By Yoani Sanchez, 14ymedio, Havana, 13 August 2016 –

Turn on the radio and the announcer reads a brief headline: “Fidel Castro, The Great Builder.” The man goes on to explain that the most important works of the country have come from this head that for decades has been covered by an olive-green cap. Weary of so much personality cult, I decided to watch television, but on the main channel a lawyer was detailing the legal legacy of the Maximum Leader and at the end of the program they announced a documentary about “The Invincible Guerrilla.”

For weeks, we Cubans have lived under a veritable bombardment of references to Fidel Castro, which has increased in proportion to the closeness of the date of his 90th birthday, this 13 August. There is no shame nor nuance in this avalanche of images and epithets.

This whole excess of tributes and reminders is, undoubtedly, a desperate attempt to save the former Cuban president from oblivion, to pull him out of that zone of media abandonment in which he has fallen since announcing his departure from power a decade ago.

We have left the man born in the eastern town of Biran, in 1926, in the past, condemning him to the 20th century, burying him alive.

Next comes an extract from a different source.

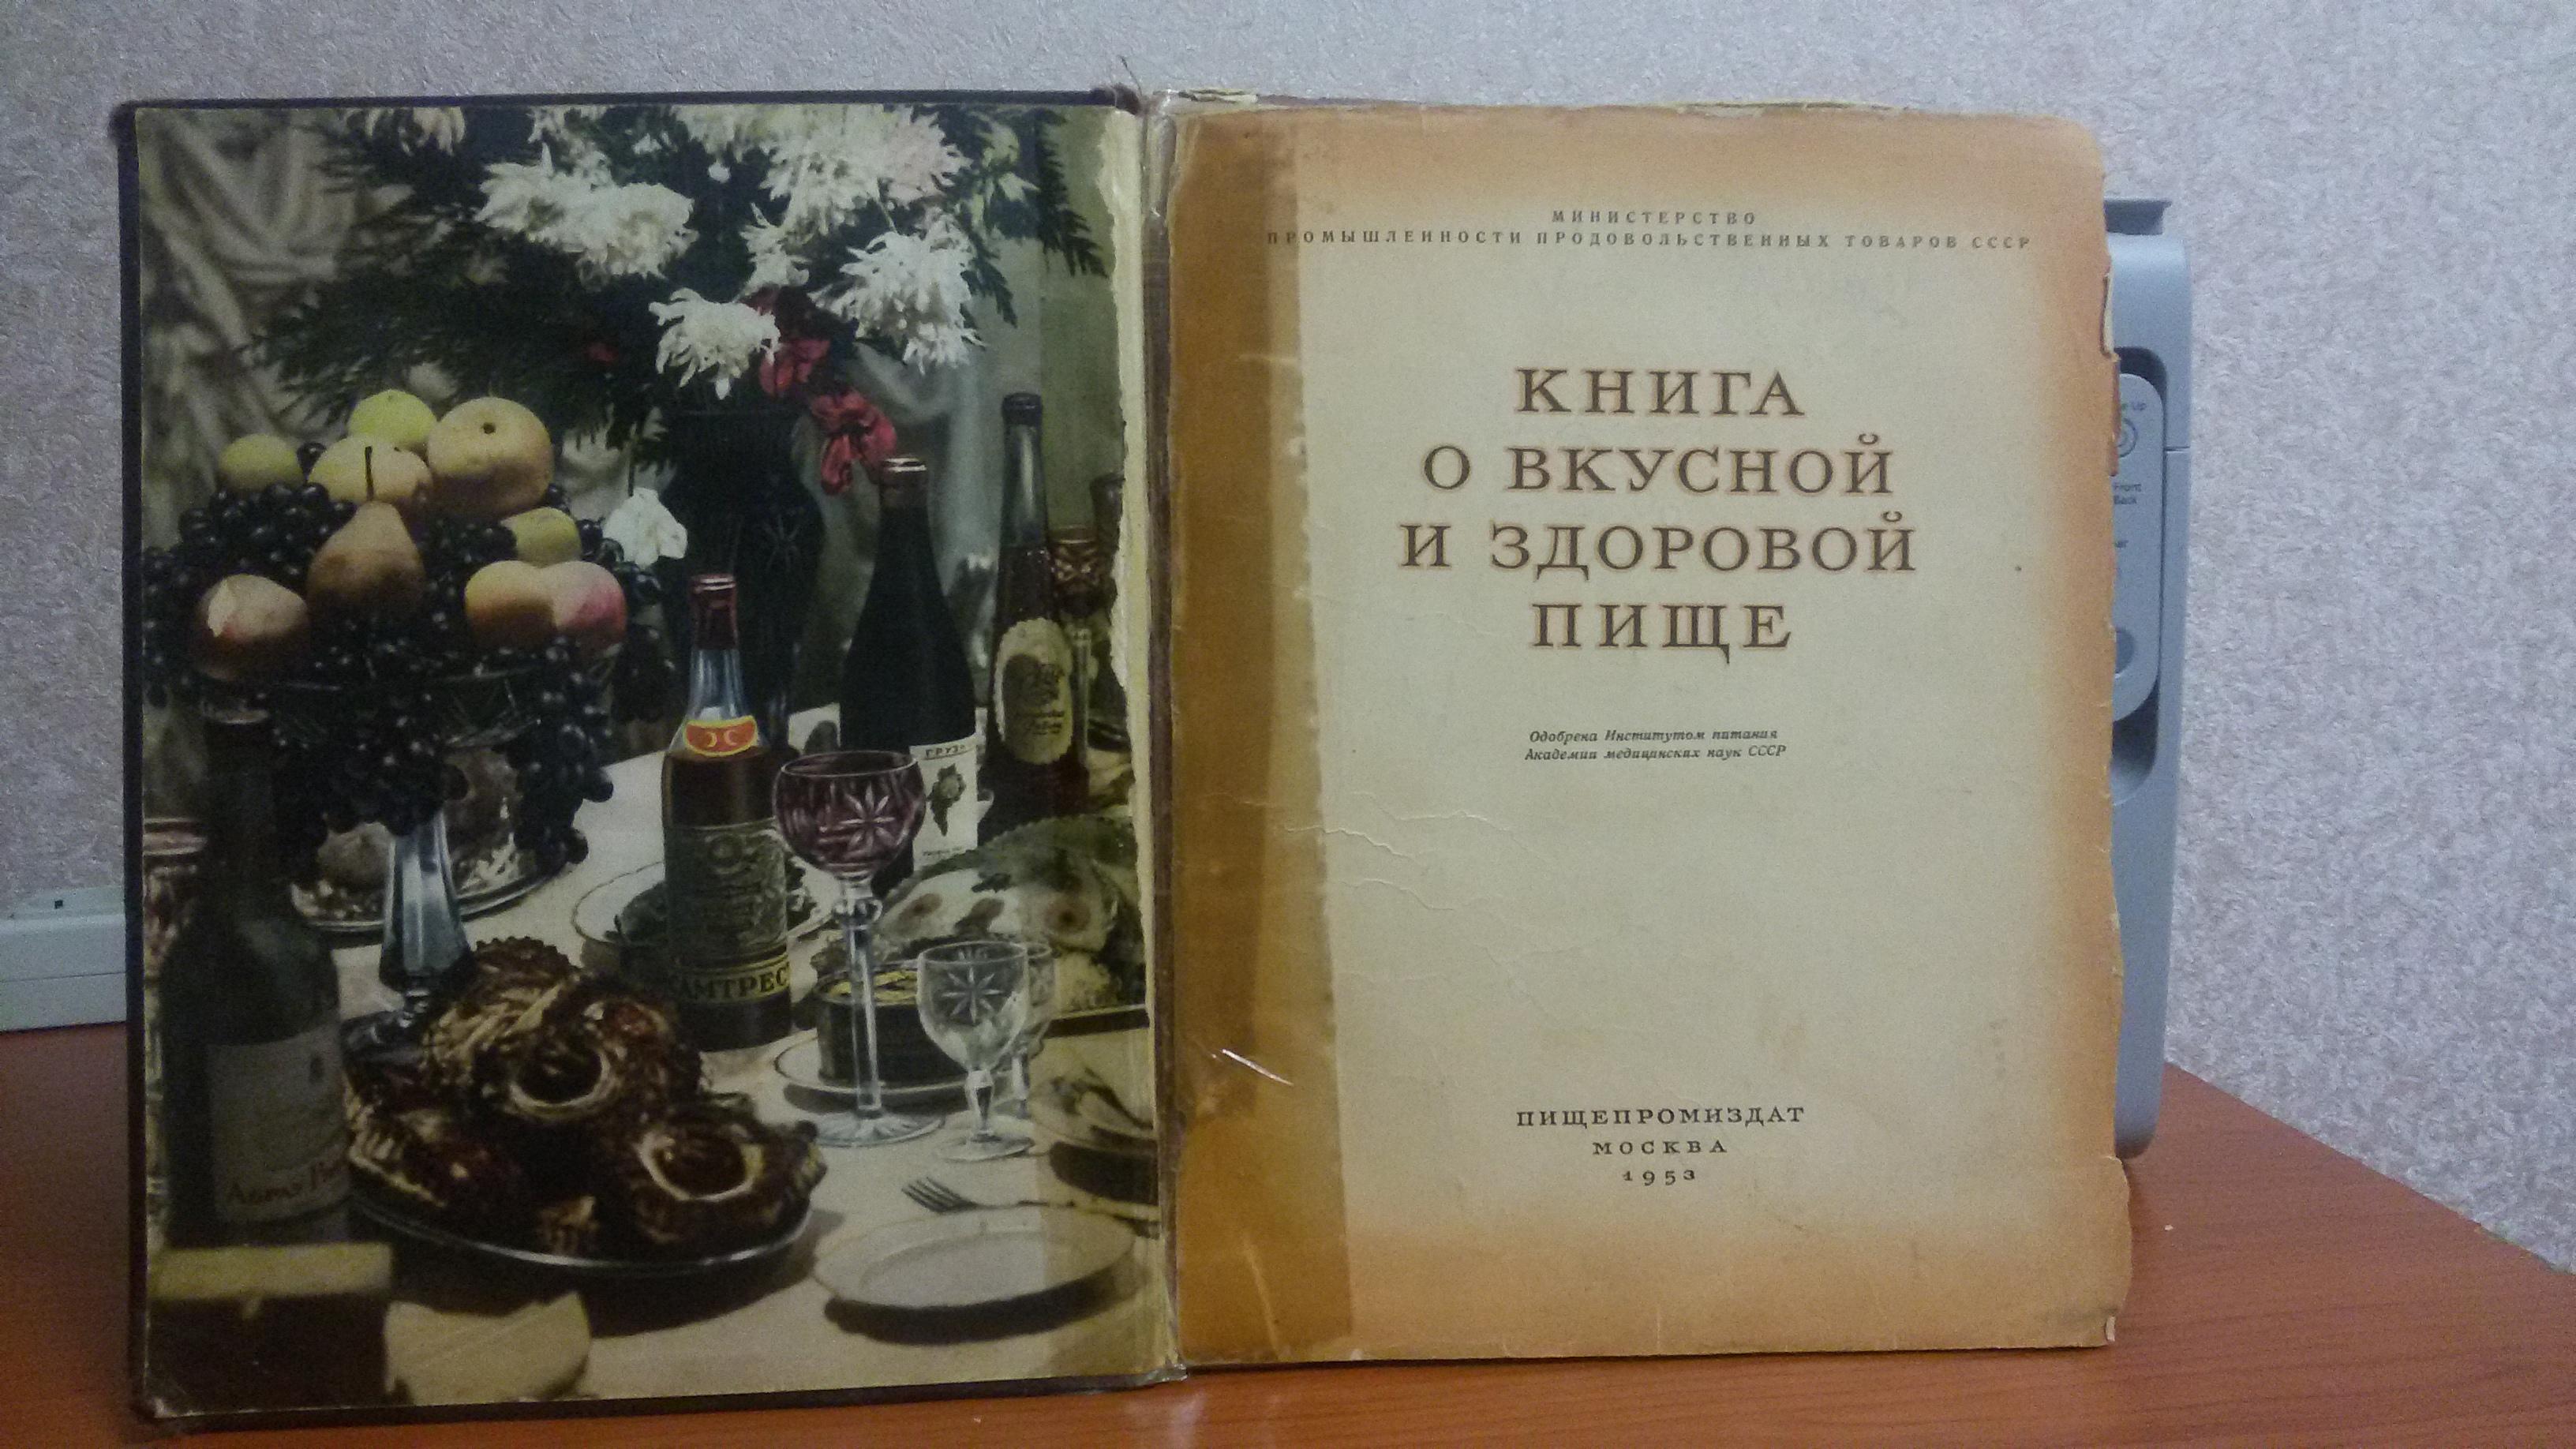 http://s2.uploads.ru/Kl4W6.jpg

Children now in elementary school have never seen the once loquacious orator speak for hours at a public event. Farmers have breathed a sigh of relief on not having to receive constant recommendations from the “Farmer in Chief” and even housewives are thankful that he does not appear at a congress of the Federation of Cuban Women to teach them how to use a pressure cooker.

The official propaganda knows that people often appeal to short-term memory as a way of protecting themselves. For many young people, Fidel Castro is already as remote as, for my mother in her day, was the dictator Gerardo Machado, a man who so adversely marked the life of my grandmother’s generation.
Followers of the figure of Fidel Castro are taking advantage of the celebrations for his nine decades of life to try to erect a statue of immortality in the heart of the nation. They deify him, forgive him his systematic errors and convert him into the most visible head of a creed. The new religion takes as its premises stubbornness, intolerance for differences, and a visceral hatred – almost like a personal battle – against the United States.

The detractors of “Él,” as many Cubans simply call him, are preparing the arguments to dismantle his myth. They await the moment when the history books no longer equate him with José Martí, but offer a stark, cold and objective analysis of his career. They are the ones who dream of the post-Castro era, of the end of Fidelismo and of the diatribe that will fall on his controversial figure.

Most, however, simply turn the page and shrug their shoulders in a sign of disgust when they hear his name. They are the ones who, right now, turn off the TV and focus on a daily existence that negates every word Fidel Castro ever said in his incendiary speeches, in those times when he planned to build a Utopia and turn us into New Men.

Tired of his omnipresence, they are the ones who will deal the final blow to the myth. And they will do it without hullabaloo or heroic acts. They will simply stop talking to their children about him, there will be no photos in the rooms of their homes showing him with a rifle and epaulettes, they will not confer on their grandchildren the five letters of his name.

The celebration for the 90th birthday of Fidel Castro is, in reality, his farewell: as excessive and exhausting as was his political life

Your Editor Explains: This farewell to Castro is three months old, published on August 13, 2016, in the newspaper O Globo of Brazil. The author lives and works in Havana. We just felt it was perfect for Castro´s necro.